Gingivitis indices were significantly lower in the group compared
to the Interplak and Oral B group means. At day 30 the Benefit
gingivitis scores were significantly lower than Oral B mean values.
There were no significant differences in bleeding on probing among
the three groups at any time in the study.
The Benefit Toothbrush is considered significantly superior
to the Oral B 40 toothbrush in reducing plaque and gingivitis mean
values after 30 days of product use in this study.
There were no significant differences between the Benefit toothbrush
and the Interplak product on plaque removal, gingivitis or bleeding
upon probing during this thirty-day study.”
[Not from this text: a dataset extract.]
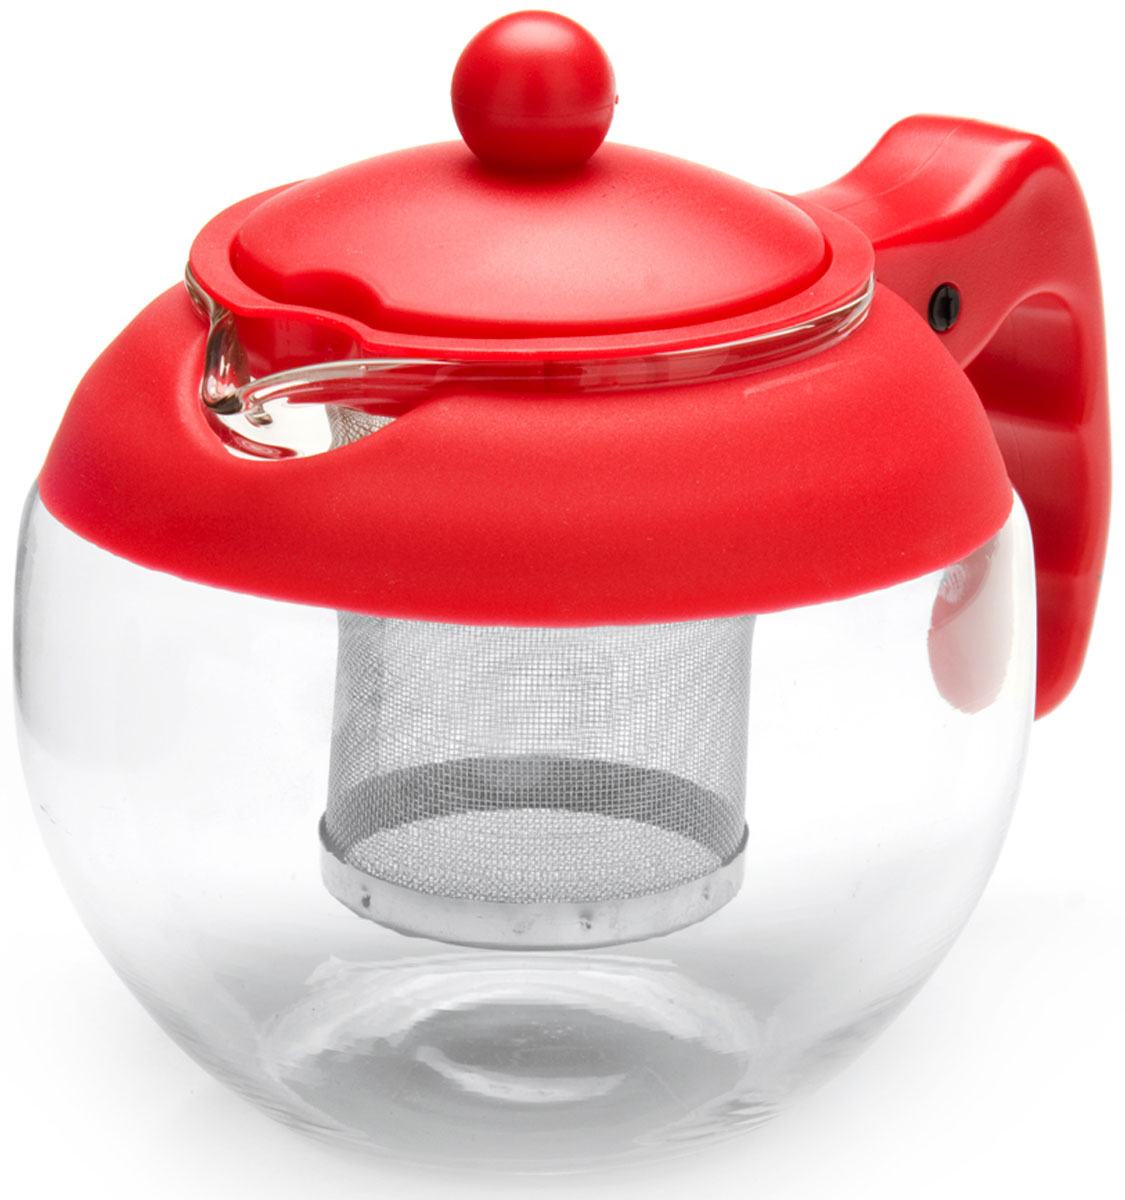 Чайник заварочный Mayer & Boch, с фильтром, цвет: красный, 750 мл. 26174-168/5/2Заварочный чайник Mayer & Boch изготовлен из термостойкого боросиликатного стекла, фильтр выполнен из нержавеющей стали. Изделия из стекла не впитывают запахи, благодаря чему вы всегда получите натуральный, насыщенный вкус и аромат напитков. Заварочный чайник из стекла удобно использовать для повседневного заваривания чая практически любого сорта. Но цветочные, фруктовые, красные и желтые сорта чая лучше других раскрывают свой вкус и аромат при заваривании именно в стеклянных чайниках, а также сохраняют все полезные ферменты и витамины, содержащиеся в чайных листах. Стальной фильтр гарантирует прозрачность и чистоту напитка от чайных листьев, при этом сохранив букет и насыщенность чая.Прозрачные стенки чайника дают возможность насладиться насыщенным цветом заваренного чая. Изящный заварочный чайник Mayer & Boch будет прекрасно смотреться в любом интерьере. Подходит для мытья в посудомоечной машине.
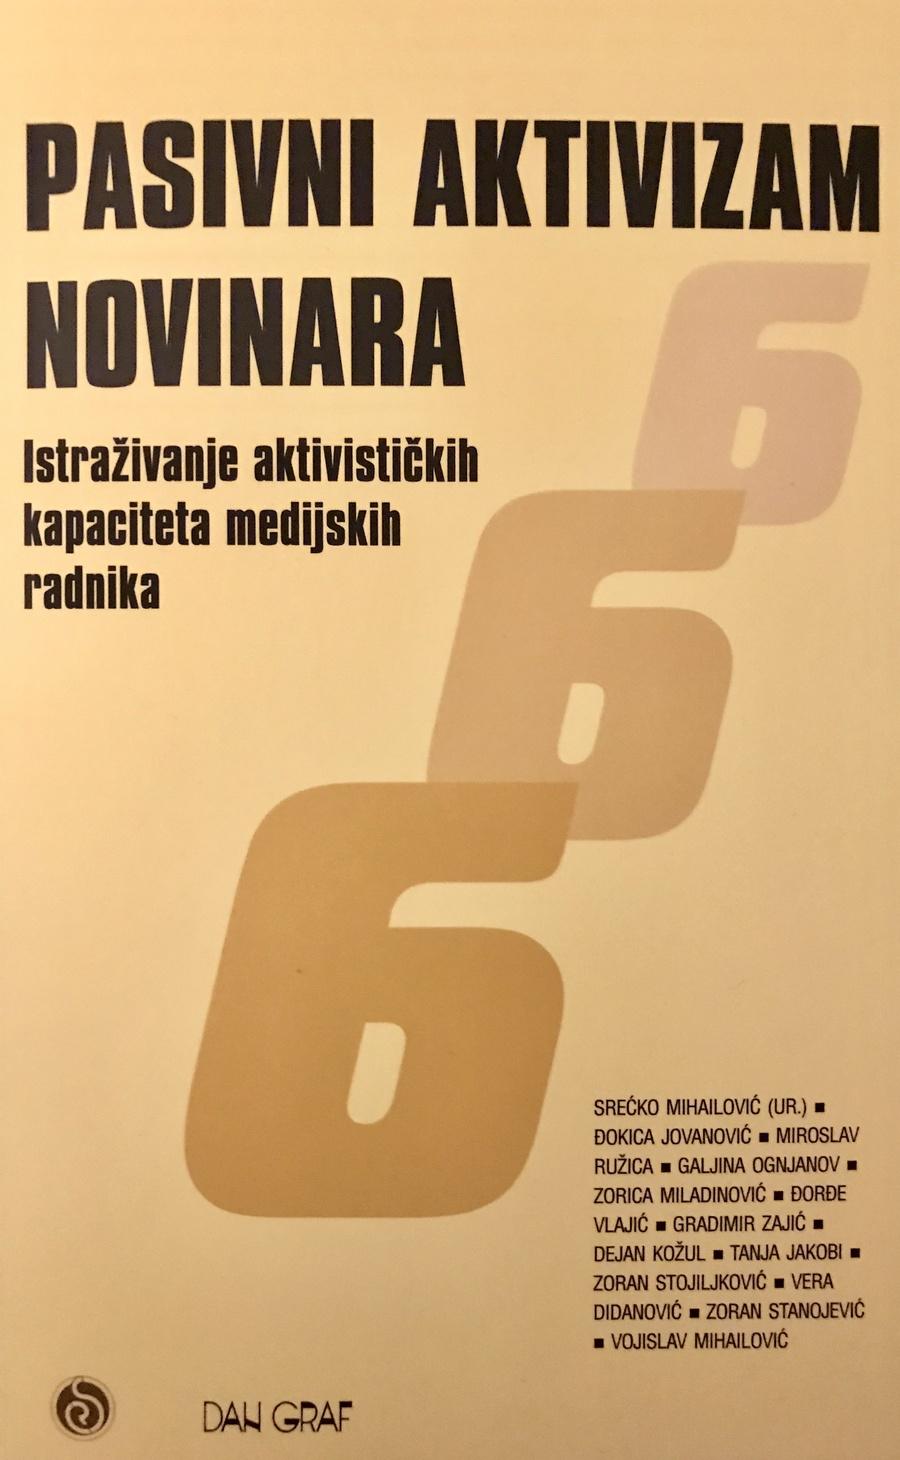 Pasivni aktivizam novinara - Istraživanje aktivističkih kapaciteta medijskih radnika

Technological University of Mexico
The toothbrush completed an additional six-week study by the Technological
University of Mexico "Pablo Funtanet" Dental Care Center
by Dr. Ana Marfa Hernandez Santamarfa, a prophylactic dentist and
periodontist with studies in Periodontology and Anatomy-Physiology
(Buccal Biology) at the Universite de Paris. The
objective of the study was to determine the efficacy of the toothbrush
for the removal of bacterial plaque and food residues, as well as
to determine whether it can provide adequate massaging of the gingiva
and stimulation of blood circulation without causing adverse conditions
to the soft oral tissues.
The conclusions reached from this study can be summarized as follows:
“even though the patients in this study normally use the "Stillman"
or "Modified Stillman” techniques when brushing their
teeth. The design of the Benefit toothbrush caused these patients
to switch to the “Bass” technique with excellent results.
The presence of dentobacterial plaque decreased substantially by
using the Benefit toothbrush. On rotated or unpositioned teeth,
a minimal but present dentobacterial plaque was observed in the
study. Periodontal irritation, which is typically present with any
new toothbrush or initially upon changing brushing techniques (from
Stillman to Bass) was present with the Benefit toothbrush at the
start of the study. However, gingival inflammation decreased considerably
from the second up to the fourth week of the study. Furthermore,
this study recommended that the bristles that contact the gums and
sulcular area be changed to a softer gauge or that different variants
of the toothbrush be developed(1).
The overall result of the study recommended the use of the Benefit toothbrush due to the product’s success in eliminating
dentobacterial plaque from the surfaces of the teeth.”
1) Subsequent to the testing of this early prototype of the Benefit
toothbrush “soft bristles” and “medium bristles”
variants that incorporate softer bristles on the gum line row of
tufts of the side brush-heads have been developed.
American Dental Association
The Benefit toothbrush has received an accepted
rating from the American Dental Association, (“ADA”).